## Problem description
From the listing below, set down exactly the lines between the one holding "D'ici 30 ans, cinq" and the one holding "苦茶之家のお茶はかなり苦い!美と健康のために一度お試しあれ!", inclusive. No other line is wanted.

## Supplied data
-------

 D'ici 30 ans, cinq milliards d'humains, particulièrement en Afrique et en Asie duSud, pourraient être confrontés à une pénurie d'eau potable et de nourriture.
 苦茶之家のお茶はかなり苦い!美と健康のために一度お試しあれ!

-------

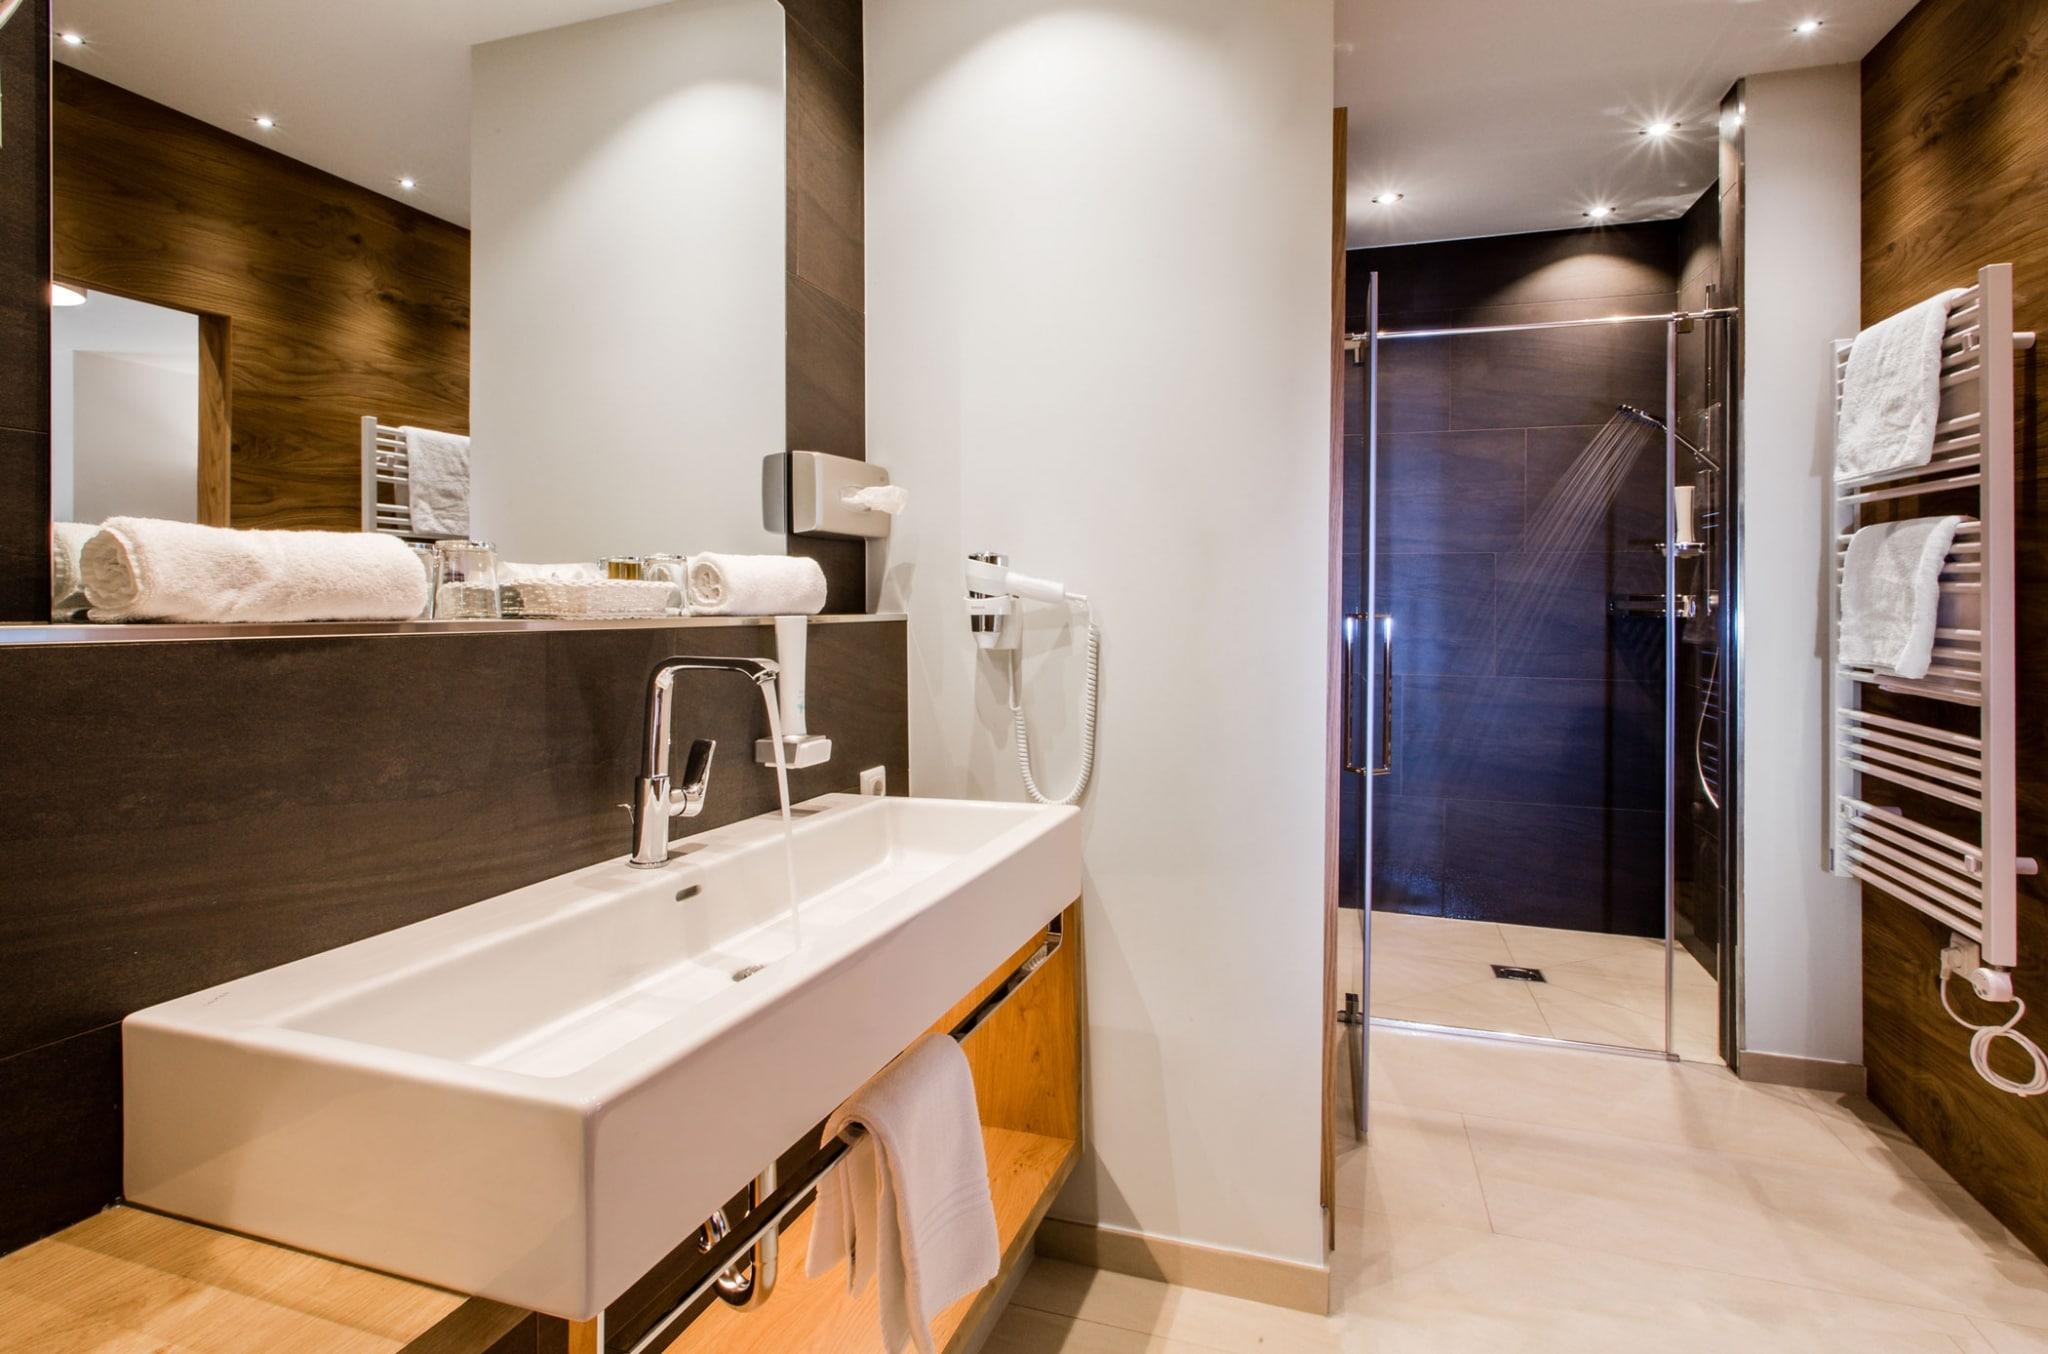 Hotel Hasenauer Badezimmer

-------

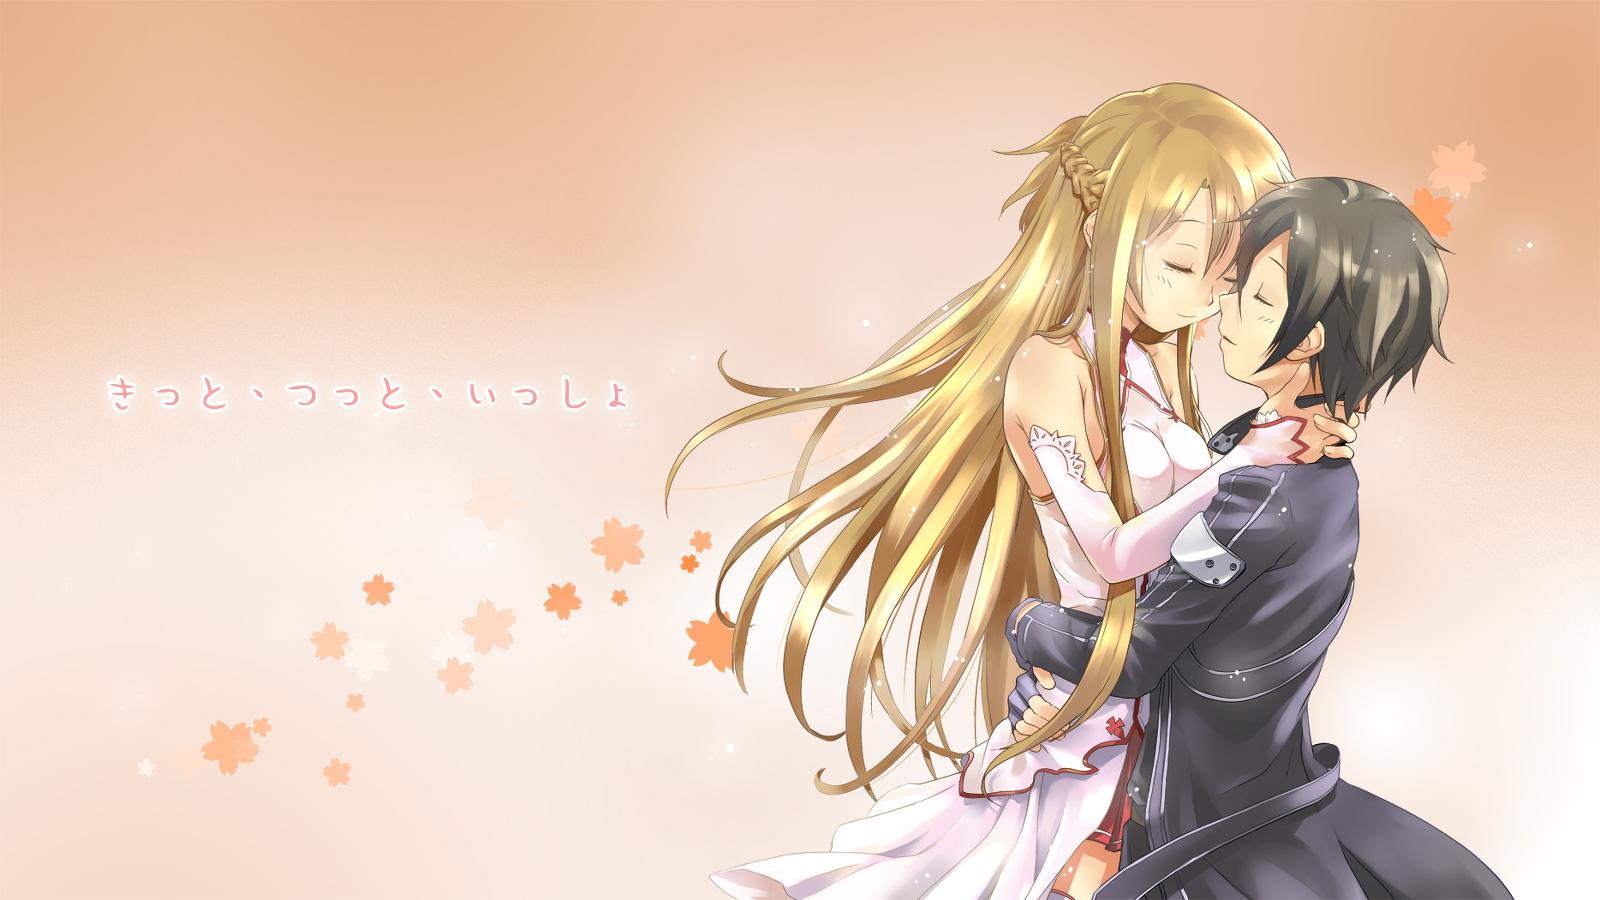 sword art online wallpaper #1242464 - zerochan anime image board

-------

## Exercise result
 D'ici 30 ans, cinq milliards d'humains, particulièrement en Afrique et en Asie duSud, pourraient être confrontés à une pénurie d'eau potable et de nourriture.
 苦茶之家のお茶はかなり苦い!美と健康のために一度お試しあれ!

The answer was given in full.